Ensuite, une fois que le changement se produit, il déclenchera une chaîne d’effets qui pourront se transmettre dans plusieurs composantes (et dimensions) du système alimentaire, un peu comme quand une goutte tombe sur une étendue d’eau, elle déclenche une onde qui va se propager dans l’eau. Il s’agira alors d’analyser et de mesurer ces effets. Certains seront bénéfiques par rapport à un résultat désiré, tandis que d’autres seront néfastes, ce qui signifie également que le résultat désiré (ou la direction du changement désiré) devrait être défini au préalable. De même, certains effets peuvent être attendus, alors que d’autres pourraient être inattendus, et des efforts devraient être consenti pour essayer de les identifier à l’avance.
La dimension politique fait référence au fait que la conversion ne se fera pas automatiquement mais nécessitera d’être soutenue par un ensemble de mesures de politique économique faisant la promotion de l’agriculture biologique.
La dimension temps signifie, entre autres, que la conversion ne se fait pas du jour au lendemain, que cela prend du temps et que pendant ce temps, les technologies évolueront du fait d’une recrudescence de recherche sur l’agriculture biologique - encouragée par un environnement politique favorable. Cette recrudescence de la recherche aura certainement pour objectif d’augmenter la productivité de l’agriculture biologique et la conception de nouvelles manières de gérer la fertilité du sol, faisant en sorte que l’utilisation de cultures fourragères bloquant une partie des terres agricoles ne sera plus qu’une parmi d’autres options.
La dimension socio-économique signifie qu’avec le temps la consommation évoluera dans la mesure où, pendant que la conversion s’opère, les prix relatifs de la nourriture évolueront, de même que le niveau de sensibilisation des consommateurs qui seront influencés par des campagnes de communication, ce qui ne manquera pas d’entraîner une évolution du régime alimentaire.
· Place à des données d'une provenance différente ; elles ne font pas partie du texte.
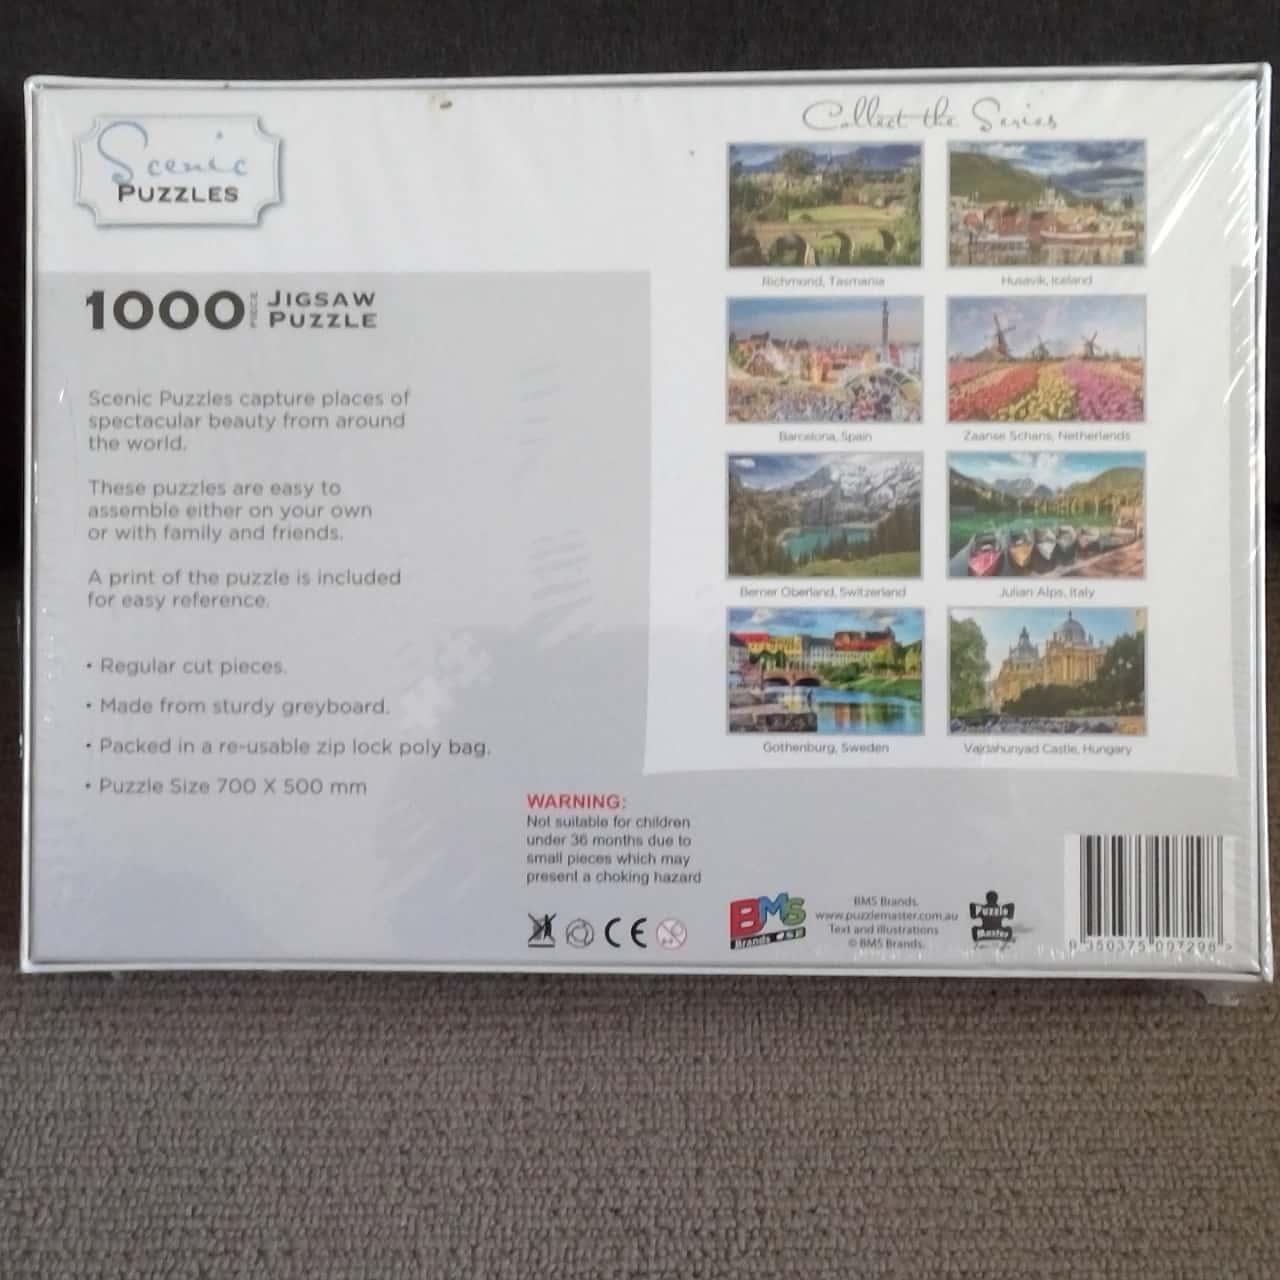 BNWT 1000 PIECE JIGSAW PUZZLE NETHERLANDS SEALED BOX

Et si le régime alimentaire change, cela influence en retour ce qui est cultivé, ce qui veut dire que la composition des cultures et le niveau de production animale changeront également [lire en anglais] - il est désolant de constater que les auteurs écartent la possibilité d’une réduction de la production animale en estimant que « les tendances mondiales vont vers une augmentation de la consommation totale et par habitant de viande », comme si les tendances passées étaient immuables, alors qu’on observe d’ores et déjà une réduction de la consommation de viande dans plusieurs pays (riches). En outre, avec des politiques adaptées, le gaspillage alimentaire peut être réduit avec le temps, ce qui changera de façon considérable les quantités et la composition de l’alimentation requise.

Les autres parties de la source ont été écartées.